• **Information shown**
───
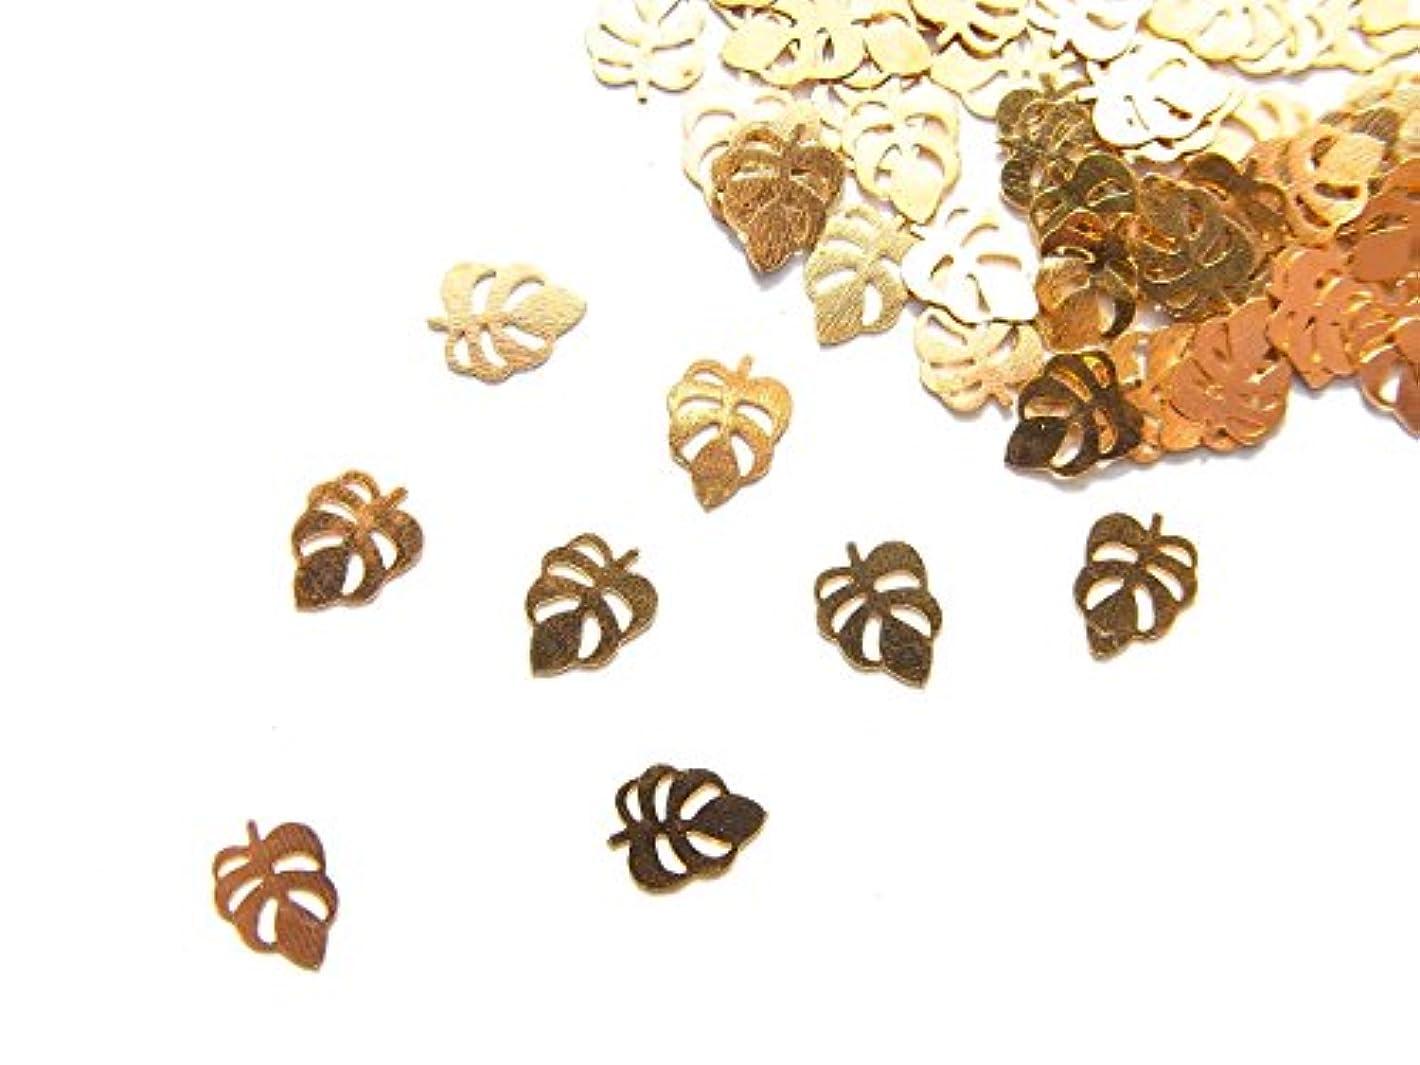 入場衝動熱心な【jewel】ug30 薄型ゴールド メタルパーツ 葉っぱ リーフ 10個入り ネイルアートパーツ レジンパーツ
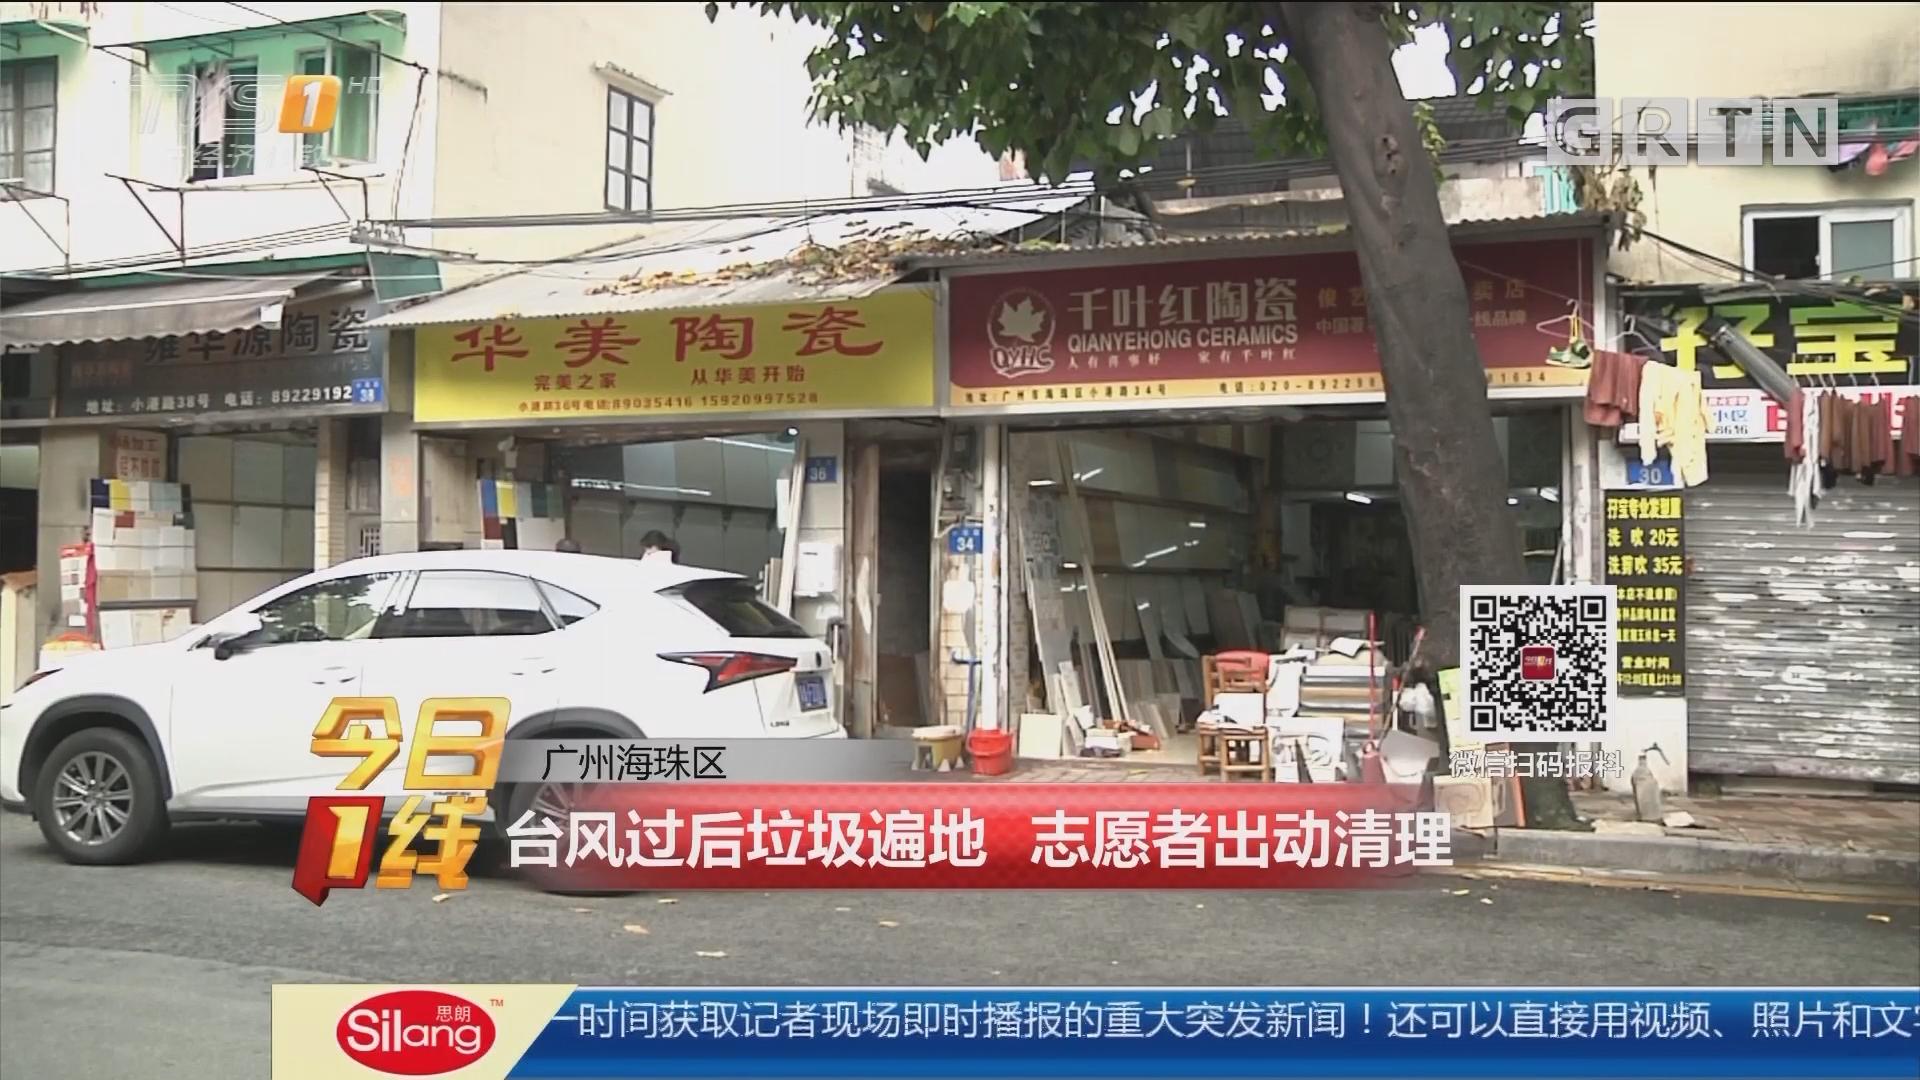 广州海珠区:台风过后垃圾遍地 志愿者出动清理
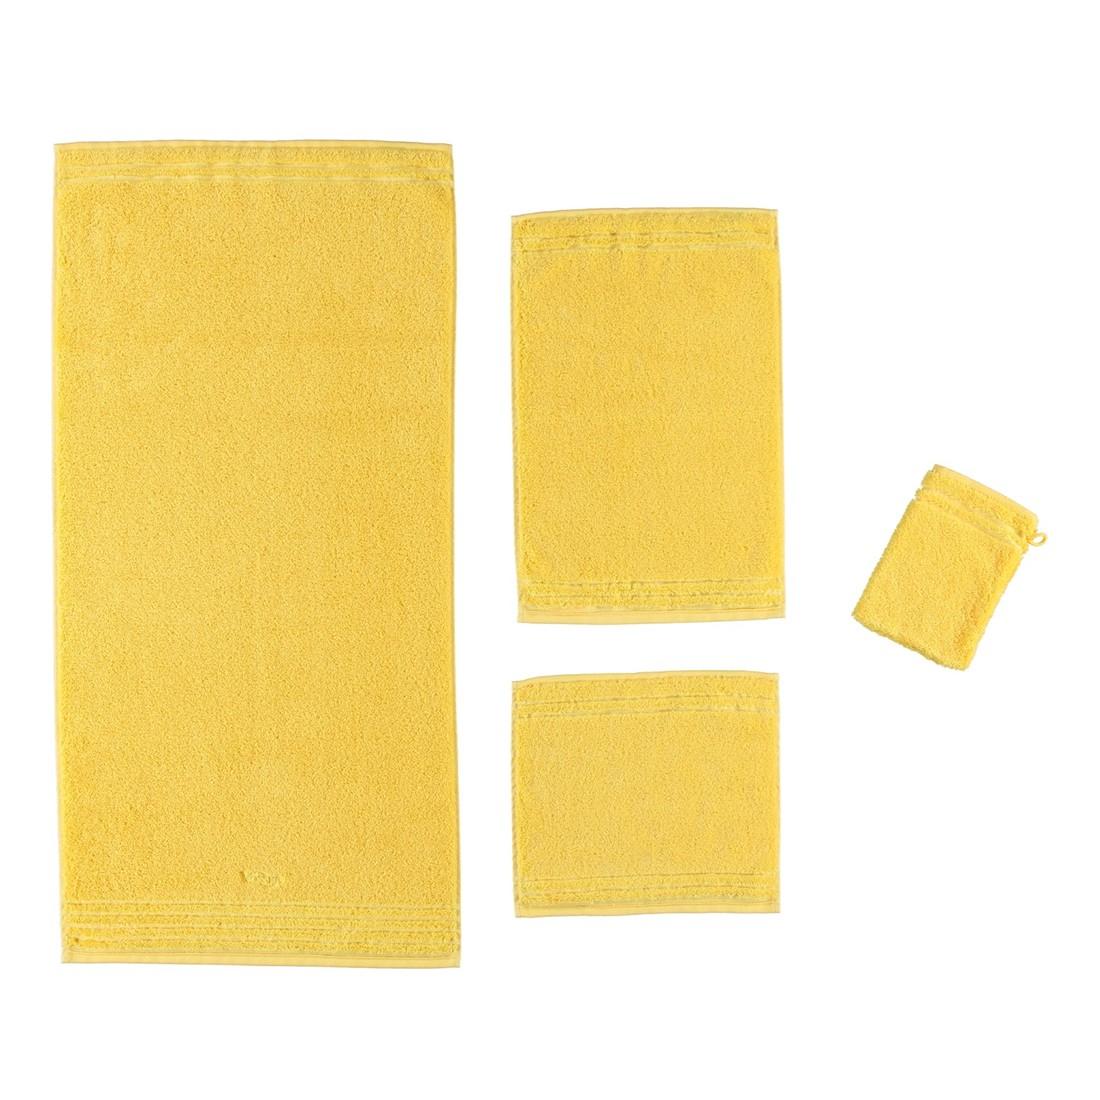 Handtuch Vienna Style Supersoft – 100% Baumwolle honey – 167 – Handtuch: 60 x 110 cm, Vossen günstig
───
• **What the task asks**
Leave the pictures out, and please copy only the lines from the one with "广州海珠区:台风过后垃圾遍地 志愿者出动清理" through the end of the listing.

• **Exercise output**
 广州海珠区:台风过后垃圾遍地 志愿者出动清理
 Handtuch Vienna Style Supersoft – 100% Baumwolle honey – 167 – Handtuch: 60 x 110 cm, Vossen günstig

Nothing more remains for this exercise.